- Associated Press - Wednesday, May 11, 2011

NEW YORK (AP) - Stony Brook’s baseball team has piled into buses and hit the road for home games all season.

It’s certainly been a strange and successful year for the nomadic Seawolves (34-10), a resilient bunch while their ballpark received a facelift. Show ‘em a field, and they’ll play on it _ and probably win, too.

“We really have been bouncing around, but we all take it in stride,” sophomore infielder and reliever William Carmona said. “When it all comes down to it, though, it doesn’t matter where we play.”

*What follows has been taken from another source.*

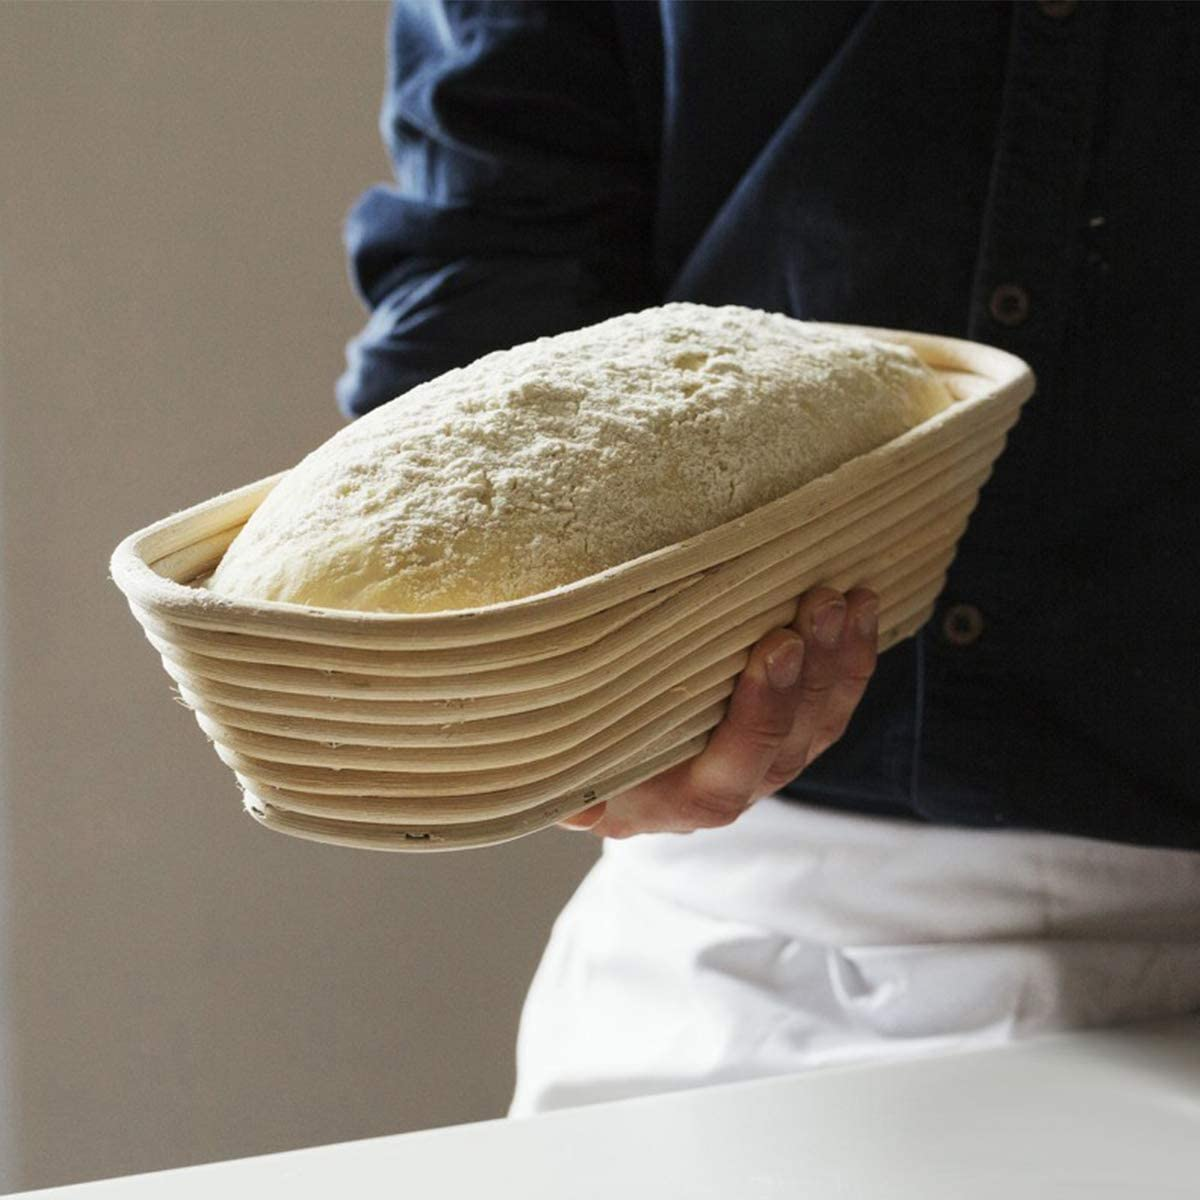 Litthing 2 Pcs G/ärkorb ovales G/ärk/örbchen f/ür Brot 25 x 15cm Banneton Korb,G/ärkorb aus Peddigrohr,Brotform G/ärkorb mit Teigschaber und Leinensatz f/ür selbstgemachtes Brot

That’s because the America East-leading Seawolves are on the verge of setting the school record for victories, just three from topping the 1999 team that won 36 games while still playing at the Division II level. Coach Matt Senk’s squad has also thrown two no-hitters _ the first in the program’s history _ and is tied for the Division I lead in fielding percentage.

“Not having a field obviously wasn’t too pleasant, but we didn’t think about it too much,” junior right-hander Nick Tropeano said. “We all talked and said, ‘Hey, it’s baseball, so let’s keep taking as many groundballs and flyballs as we can, no matter where it is.’ Despite the adversity, we’ve overcome it.”

It appears the Seawolves can finally settle in at home now and leave the bus rides for actual road trips. Stony Brook practiced for the first time Tuesday on Joe Nathan Field, named for the former Seawolves shortstop and Minnesota Twins All-Star closer who donated $500,000 to the program.

“It’s hard to get guys to go to that school,” Nathan said before the Twins’ game against the Detroit Tigers in Minnesota on Wednesday. “You bring them in and show them the (old) field and that’s not going to be something that impresses them. So hopefully this field is something that helps a player’s decision-making process to go there.”

The team expects to play there during its last regular-season series next weekend, and hopes to host the conference tournament if it maintains its hold on first place.

“It’s definitely going to make an improvement,” said Nathan, who gets regular updates on the team from athletic director Jim Fiore. “The players were pumped to get on it. Anytime you get a new toy, you’re excited to play with it. Hopefully it brings excitement and only greater things to come.”

The team hoped the field, which has a FieldTurf surface, would be ready to start the season. But a lousy winter and spring in the Northeast delayed the completion and sent the Seawolves looking for alternative locations for home games. Practice was limited to the turf inside the school’s new track and indoors on campus.

“We all made jokes about it and said it’s called ‘No Nathan Field,’” Carmona said with a laugh. “And then when we’re on a bus, we’re like, ‘Oh, I guess we’re playing at home today.’”

Despite all that, the Seawolves are 10-3 at “home”: 4-1 at Dowling College in Brookhaven, 3-0 at New York Tech in Old Westbury, 2-1 at the Baseball Heaven Sports Complex in Yaphank, and 1-1 at Adelphi in Garden City.

“I’ve never been around a more resilient group,” said Senk, in his 21st season at Stony Brook. “Whether it was another snowstorm or another batch of bad weather, whatever has come this group’s way, they haven’t complained or moaned. It’s just been, ‘Tell us where we have to be, coach, and let’s play.’”

The Seawolves, 15-2 in the America East and 2 1/2 games ahead of Binghamton, have been doing it with solid pitching, terrific defense and timely hitting.

“When we go out to the ballpark, we really expect to win,” Carmona said. “We just don’t expect to lose, ever.”